基于石墨烯量子点修饰的银纳米颗粒的高性能电阻式湿度传感器。

High-performance resistive humidity sensor based on Ag nanoparticles decorated with graphene quantum dots.

作者信息

Chaloeipote Gun, Samarnwong Jaruwan, Traiwatcharanon Pranlekha, Kerdcharoen Teerakiat, Wongchoosuk Chatchawal

机构信息

Department of Physics, Faculty of Science, Kasetsart University, Chatuchak, Bangkok 10900, Thailand.

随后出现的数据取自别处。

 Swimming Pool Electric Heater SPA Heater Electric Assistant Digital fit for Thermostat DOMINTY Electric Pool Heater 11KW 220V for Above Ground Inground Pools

Department of Physics, Faculty of Science, Mahidol University and Research Network of NANOTEC at Mahidol University, National Nanotechnology Center, Bangkok 10400, Thailand.

出版信息

R Soc Open Sci. 2021 Jul 21;8(7):210407. doi: 10.1098/rsos.210407. eCollection 2021 Jul.

DOI:10.1098/rsos.210407

PMID:34295526

原文链接:https://pmc.ncbi.nlm.nih.gov/articles/PMC8292773/

Abstract

In this work, we present a low-cost, fast and simple fabrication of resistive-type humidity sensors based on the graphene quantum dots (GQDs) and silver nanoparticles (AgNPs) nanocomposites. The GQDs and AgNPs were synthesized by hydrothermal method and green reducing agent route, respectively. UV-Vis spectrophotometer, X-ray photoelectron spectroscopy and field-emission transmission electron microscopy were used to characterize quality, chemical bonding states and morphology of the nanocomposite materials and confirm the successful formation of core/shell-like AgNPs/GQDs structure. According to sensing humidity results, the ratio of GQDs/AgNPs 1 : 1 nanocomposite exhibits the best humidity response of 98.14% with exponential relation in the humidity range of 25-95% relative humidity at room temperature as well as faster response/recovery times than commercial one at the same condition. The sensing mechanism of the high-performance GQDs/AgNPs humidity sensor is proposed via Schottky junction formation and intrinsic synergistic effects of GQDs and AgNPs.

摘要

在本工作中，我们展示了一种基于石墨烯量子点（GQDs）和银纳米颗粒（AgNPs）纳米复合材料的低成本、快速且简单的电阻式湿度传感器制造方法。GQDs和AgNPs分别通过水热法和绿色还原剂路线合成。利用紫外可见分光光度计、X射线光电子能谱和场发射透射电子显微镜对纳米复合材料的质量、化学键合状态和形态进行表征，并确认成功形成了核壳状AgNPs/GQDs结构。根据湿度传感结果，GQDs/AgNPs 1:1纳米复合材料在室温下25 - 95%相对湿度范围内呈现出98.14%的最佳湿度响应，且与商业传感器相比，在相同条件下具有更快的响应/恢复时间，响应关系呈指数关系。通过肖特基结的形成以及GQDs和AgNPs的内在协同效应，提出了高性能GQDs/AgNPs湿度传感器的传感机制。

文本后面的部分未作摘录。